Anyofterms doesn't work as expected with Chinese characters

Hi there,
By my understanding, anyofterms(name, “Name1 Name2”) will list all nodes with “Name1” and “Name2”.
If it’s correct, anyofterms(name, “名字1 名字2” should list all nodes with "名字1” and “名字2”, but it lists the nodes with “名” and “字”. Is this the designed behavior? Expecting to get some responses, thanks.
BTW, there’s no influence if i change the name to name@zh or not.

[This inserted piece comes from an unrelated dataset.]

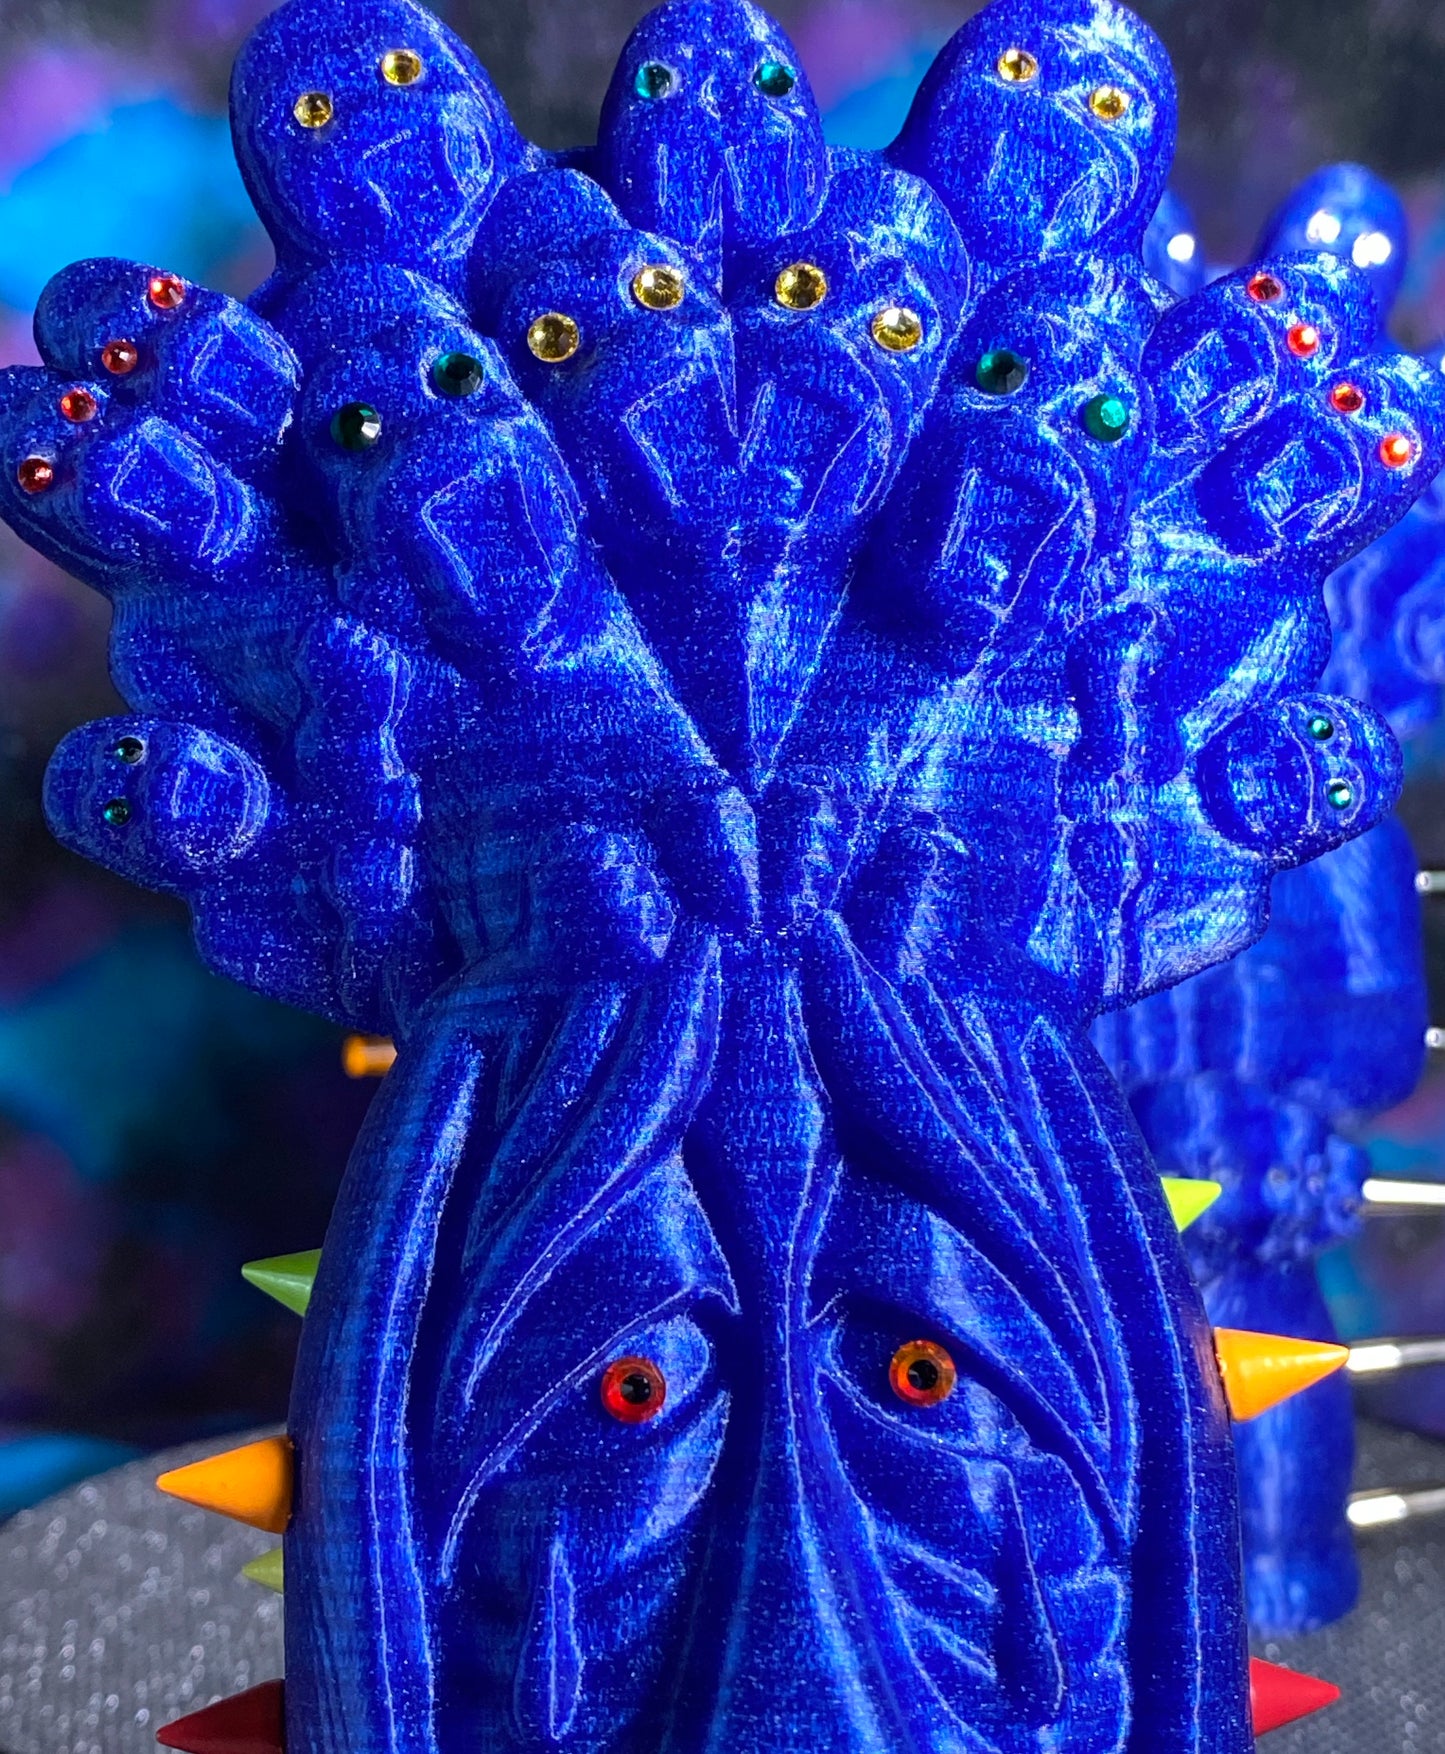 His Majesty, The King: Blue Glitter with Multicolor Rhinestones and Spikes
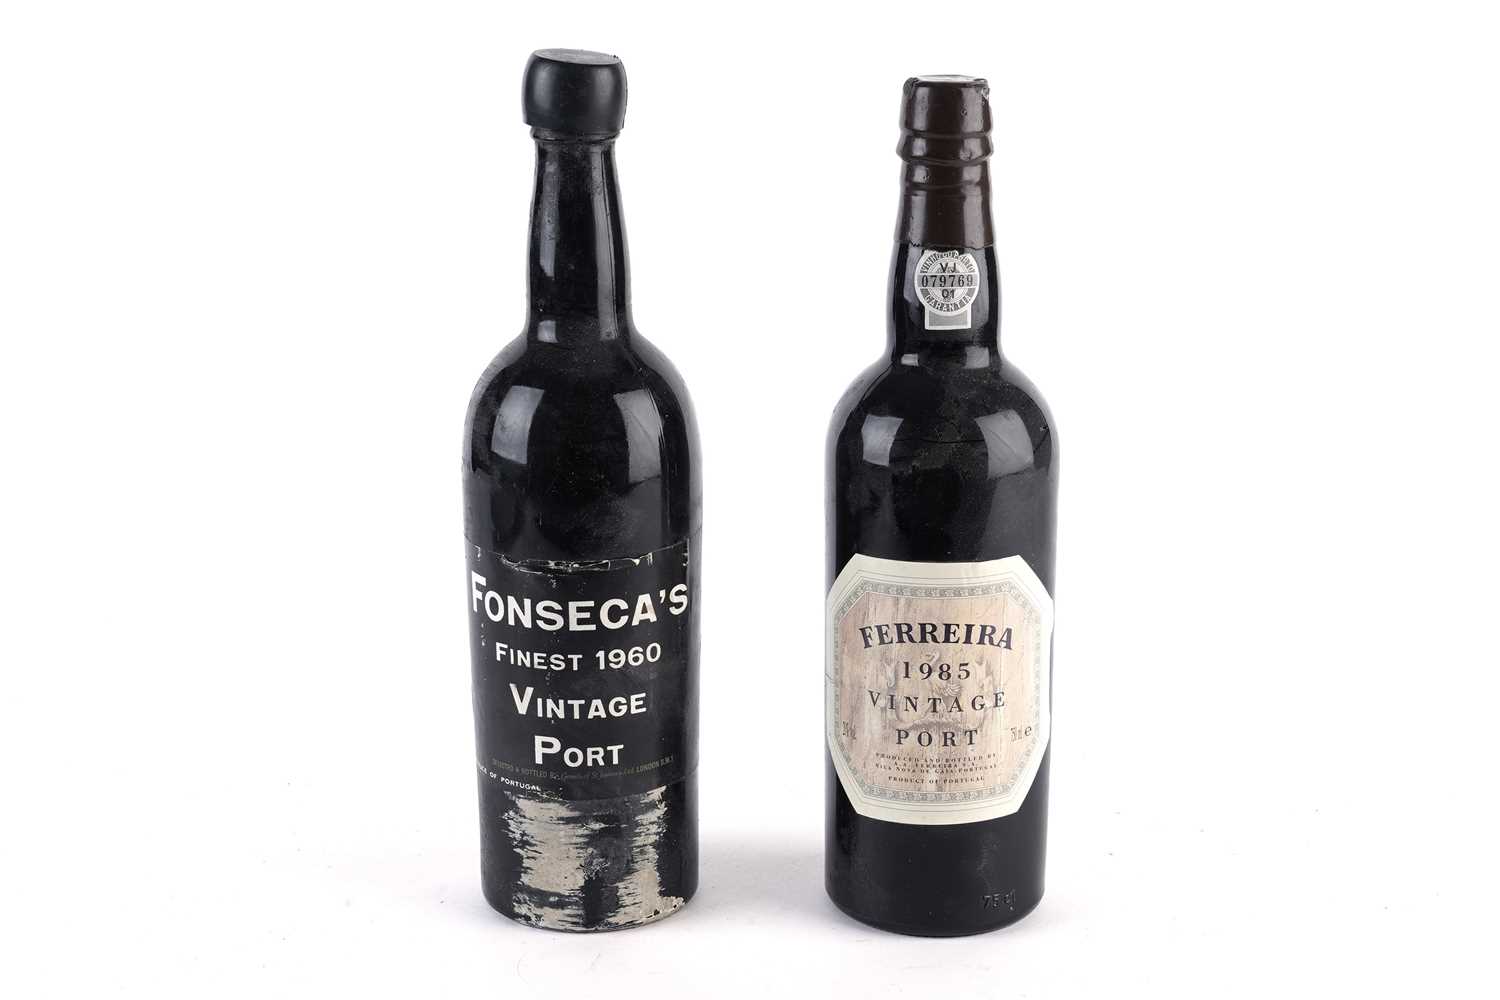 A bottle of Fonseca’s Finest Vintage Port; and another

hmmm curious. Perhaps this is because Dgraph understands that each Logogram would be considered a distinct word. And the grammar of a system like Chinese is very different from the Western one. It would need to be analyzed if that is the case indeed.

@gus can you check this?

OK, I’ll wait for the updates. Thanks

The term index will tokenize and normalize the terms added. So in the case of “名字1 名字2” when tokenized the tokens will be “1, 2, 名, 字”. The reason is that we are using unicode segmentation. We are considering changing this for Chinese and Japanese. I’ll let you know.

2 Likes

The new release of Dgraph 1.0.11 has improved support for language tokenization. Unfortunately, the handling of these words is not optimal. I’m opening an issue to work on that more.

But in 1.0.11 you can do:

# schema
word: string @index(term) @lang .

# mutate
{set{
   _:x1 name "名字1"@zh .
   _:x2 name "名字2"@zh .
}}

# query
{
   q(func: anyofterms(name@., "<名字1 名字2>")) {
     name@.
   }
}

Try that and see if it works for you.

1 Like

Thanks for your update. I tired in v1.0.11-rc4, it works.
BTW, to make it clear for new reader, the language “@zh” should be specified when doing the mutation such as _:x1 name “名字1”@zh .